Records supplied ::
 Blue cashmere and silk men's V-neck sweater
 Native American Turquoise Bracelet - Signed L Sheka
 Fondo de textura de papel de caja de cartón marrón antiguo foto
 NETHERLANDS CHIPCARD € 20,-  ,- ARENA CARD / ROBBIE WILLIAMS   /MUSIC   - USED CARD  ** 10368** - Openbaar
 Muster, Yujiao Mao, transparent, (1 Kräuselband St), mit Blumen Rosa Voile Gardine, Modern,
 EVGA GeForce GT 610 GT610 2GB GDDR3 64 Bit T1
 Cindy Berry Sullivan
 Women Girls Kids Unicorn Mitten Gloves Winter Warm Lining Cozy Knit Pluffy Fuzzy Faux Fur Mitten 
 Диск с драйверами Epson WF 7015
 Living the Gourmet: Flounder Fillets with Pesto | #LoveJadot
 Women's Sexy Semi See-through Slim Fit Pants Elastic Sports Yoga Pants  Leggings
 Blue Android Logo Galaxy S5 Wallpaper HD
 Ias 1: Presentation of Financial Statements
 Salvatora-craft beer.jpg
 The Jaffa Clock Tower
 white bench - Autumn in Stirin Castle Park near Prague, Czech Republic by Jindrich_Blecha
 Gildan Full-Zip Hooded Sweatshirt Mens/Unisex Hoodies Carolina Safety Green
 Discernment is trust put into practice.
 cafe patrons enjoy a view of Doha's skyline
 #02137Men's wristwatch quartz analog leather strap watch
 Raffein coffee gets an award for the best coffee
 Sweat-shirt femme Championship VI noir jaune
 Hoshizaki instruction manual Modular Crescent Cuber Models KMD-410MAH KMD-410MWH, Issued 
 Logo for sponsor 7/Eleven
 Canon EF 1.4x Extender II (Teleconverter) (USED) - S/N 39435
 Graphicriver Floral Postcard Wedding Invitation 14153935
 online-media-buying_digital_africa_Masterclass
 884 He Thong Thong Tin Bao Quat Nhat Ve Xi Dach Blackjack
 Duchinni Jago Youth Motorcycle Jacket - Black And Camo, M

Problem :: Every record should be printed again exactly as it reads.

Written solution ::
 Blue cashmere and silk men's V-neck sweater
 Native American Turquoise Bracelet - Signed L Sheka
 Fondo de textura de papel de caja de cartón marrón antiguo foto
 NETHERLANDS CHIPCARD € 20,-  ,- ARENA CARD / ROBBIE WILLIAMS   /MUSIC   - USED CARD  ** 10368** - Openbaar
 Muster, Yujiao Mao, transparent, (1 Kräuselband St), mit Blumen Rosa Voile Gardine, Modern,
 EVGA GeForce GT 610 GT610 2GB GDDR3 64 Bit T1
 Cindy Berry Sullivan
 Women Girls Kids Unicorn Mitten Gloves Winter Warm Lining Cozy Knit Pluffy Fuzzy Faux Fur Mitten 
 Диск с драйверами Epson WF 7015
 Living the Gourmet: Flounder Fillets with Pesto | #LoveJadot
 Women's Sexy Semi See-through Slim Fit Pants Elastic Sports Yoga Pants  Leggings
 Blue Android Logo Galaxy S5 Wallpaper HD
 Ias 1: Presentation of Financial Statements
 Salvatora-craft beer.jpg
 The Jaffa Clock Tower
 white bench - Autumn in Stirin Castle Park near Prague, Czech Republic by Jindrich_Blecha
 Gildan Full-Zip Hooded Sweatshirt Mens/Unisex Hoodies Carolina Safety Green
 Discernment is trust put into practice.
 cafe patrons enjoy a view of Doha's skyline
 #02137Men's wristwatch quartz analog leather strap watch
 Raffein coffee gets an award for the best coffee
 Sweat-shirt femme Championship VI noir jaune
 Hoshizaki instruction manual Modular Crescent Cuber Models KMD-410MAH KMD-410MWH, Issued 
 Logo for sponsor 7/Eleven
 Canon EF 1.4x Extender II (Teleconverter) (USED) - S/N 39435
 Graphicriver Floral Postcard Wedding Invitation 14153935
 online-media-buying_digital_africa_Masterclass
 884 He Thong Thong Tin Bao Quat Nhat Ve Xi Dach Blackjack
 Duchinni Jago Youth Motorcycle Jacket - Black And Camo, M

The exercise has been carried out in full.